Why? Because it must.

And the reason is pretty straightforward: the company is putting huge resources into Apple Intelligence development, but it can’t get the staff it needs for the big push.

It takes a village

A quick glance at Apple’s recruitment website today revealed that it currently has 399 open roles in its machine learning and AI teams. That’s almost enough people to form a small village.

Apple’s search for villages of AI professionals isn’t unique; everybody’s doing it. OpenAI lists 149 jobs. Google has 277 machine learning jobs. One year ago, AI accounted for 27% of all open UK tech roles. Given that the hype and expectations in the sector have only grown since then, it’s hard to believe there’s been any decline in demand.

What’s driving this is that as the number of potential AI implementations grows, so does the demand for workers to build them.
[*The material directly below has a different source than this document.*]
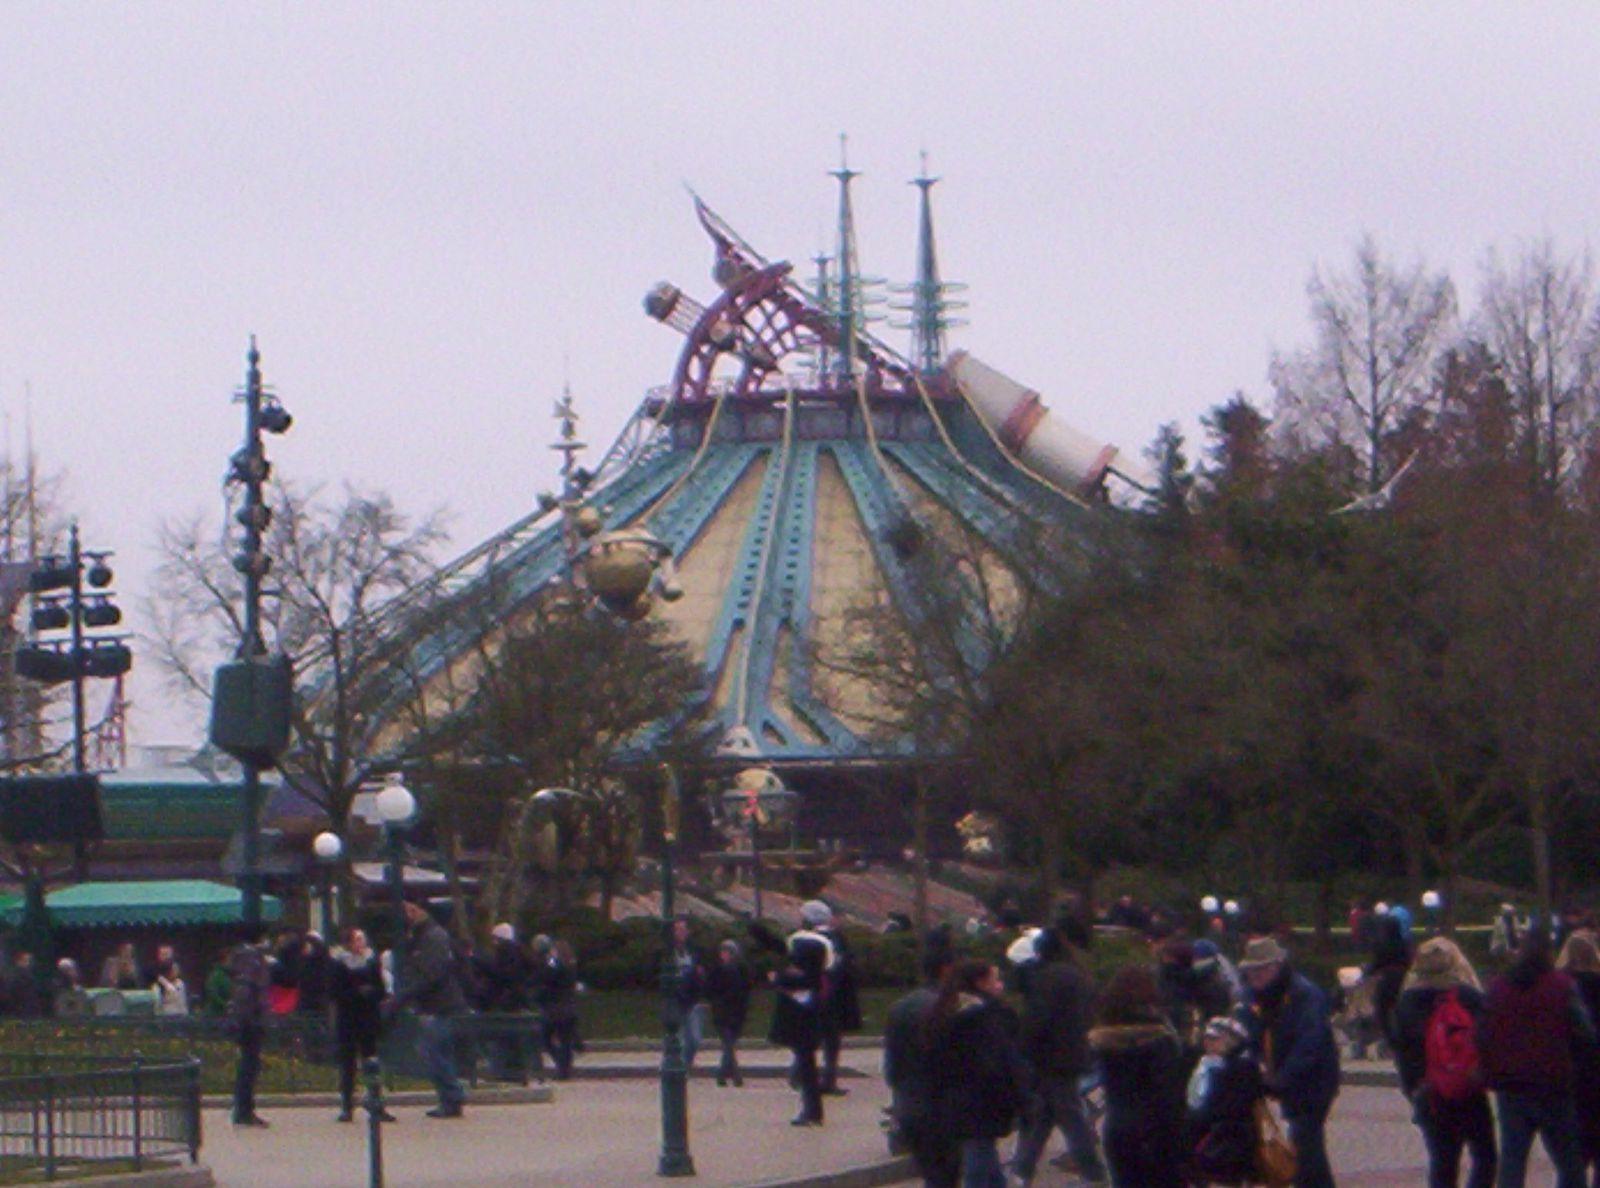 Et voici les merveilles de Disneyland Paris !
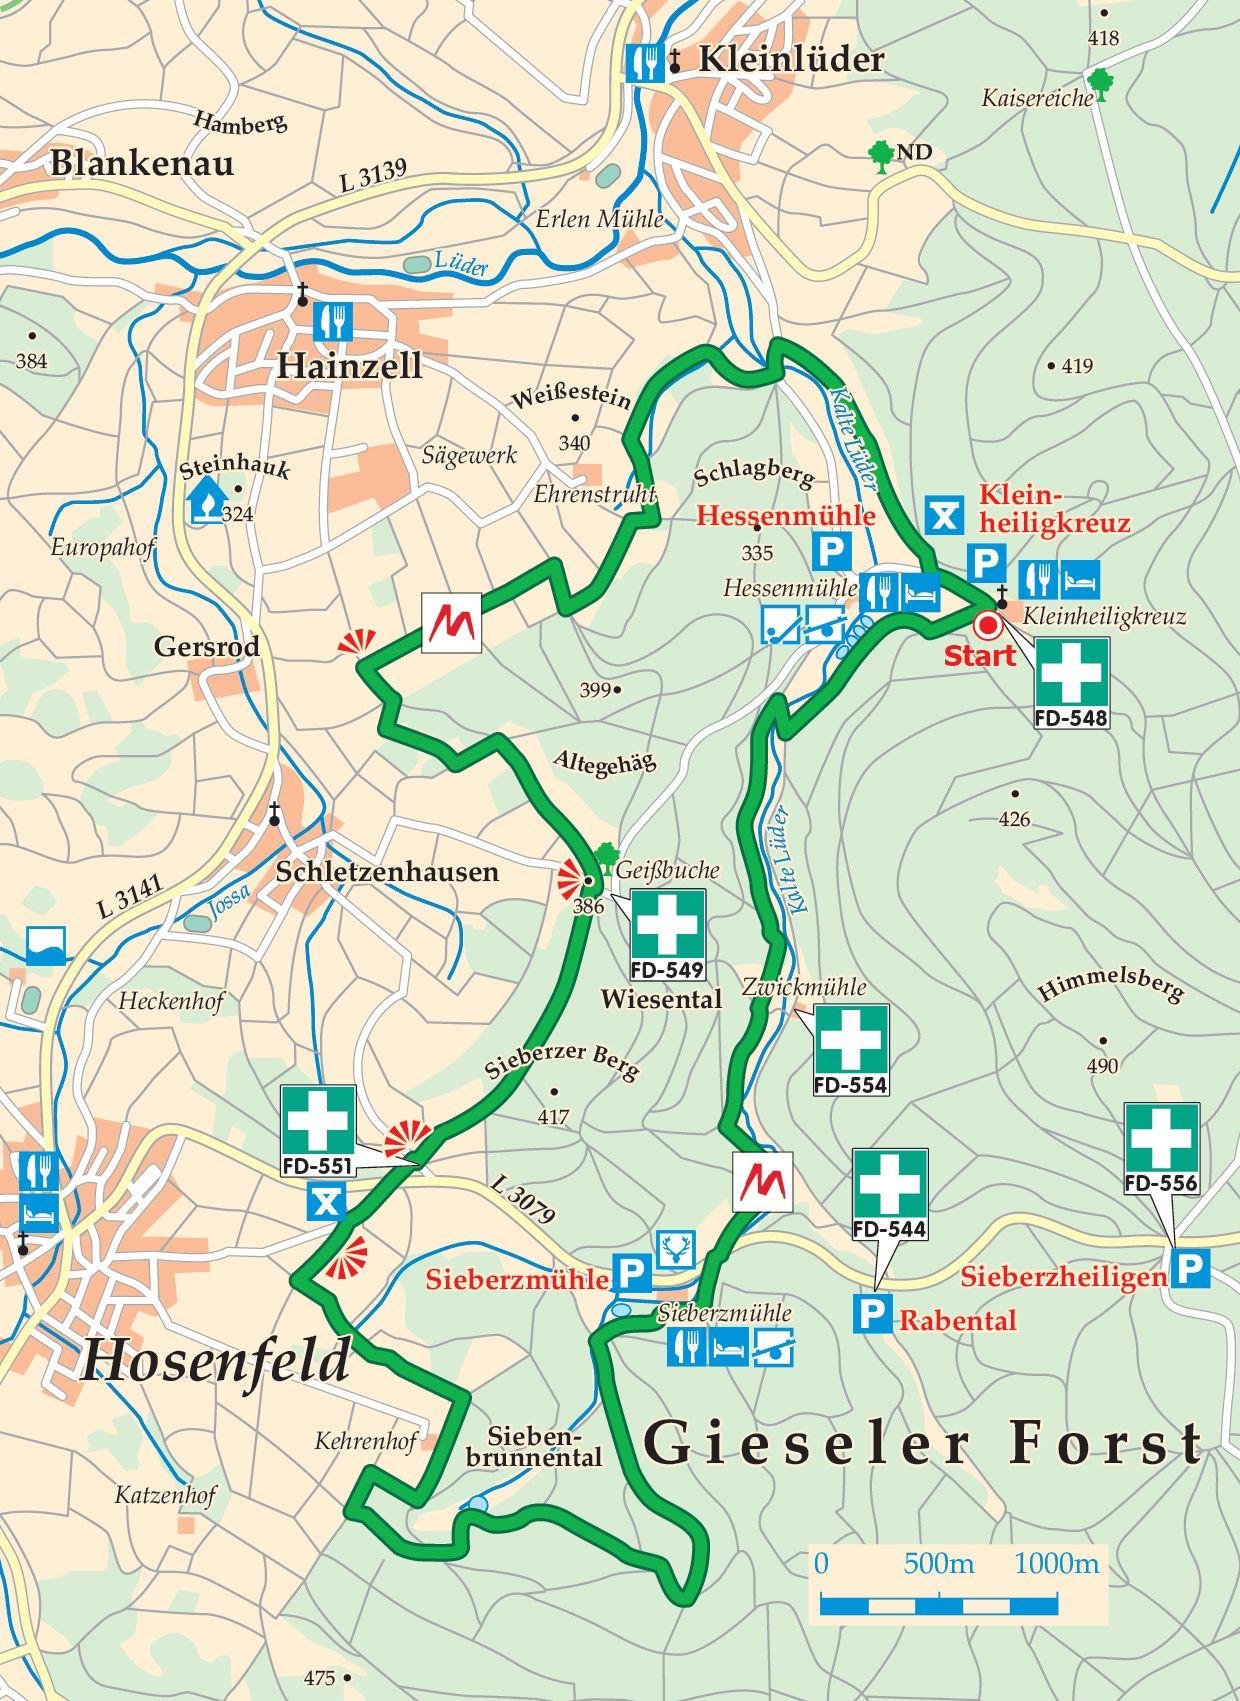 Extratour Mühlentour Karte

Large, small, and medium-sized players across enterprise tech share the need. 

They aren’t just being greedy. They understand the huge strategic imperative behind the AI evolution.

Nations, technology companies, a growing number of enterprises, government organizations, and start-ups are all competing to recruit the best staff. They know that, “we are at a tipping point in business and society where AI will revolutionize how we work, live and interact at scale,” Mohamed Kande, global chair for PricewaterhouseCoopers International, explained last year.

More jobs, few people

Yet they recognize that as ever more processes get digitized, the demand for people with experience will become a hindrance to AI industry development because that demand is not being met.

As McKinsey explained last year: “Our survey of 3.5 million job postings in these tech trends found that many of the skills in greatest demand have less than half as many qualified practitioners per posting as the global average.”

And yet the World Economic Forum predicts AI will create 97 million new jobs by the end of the year.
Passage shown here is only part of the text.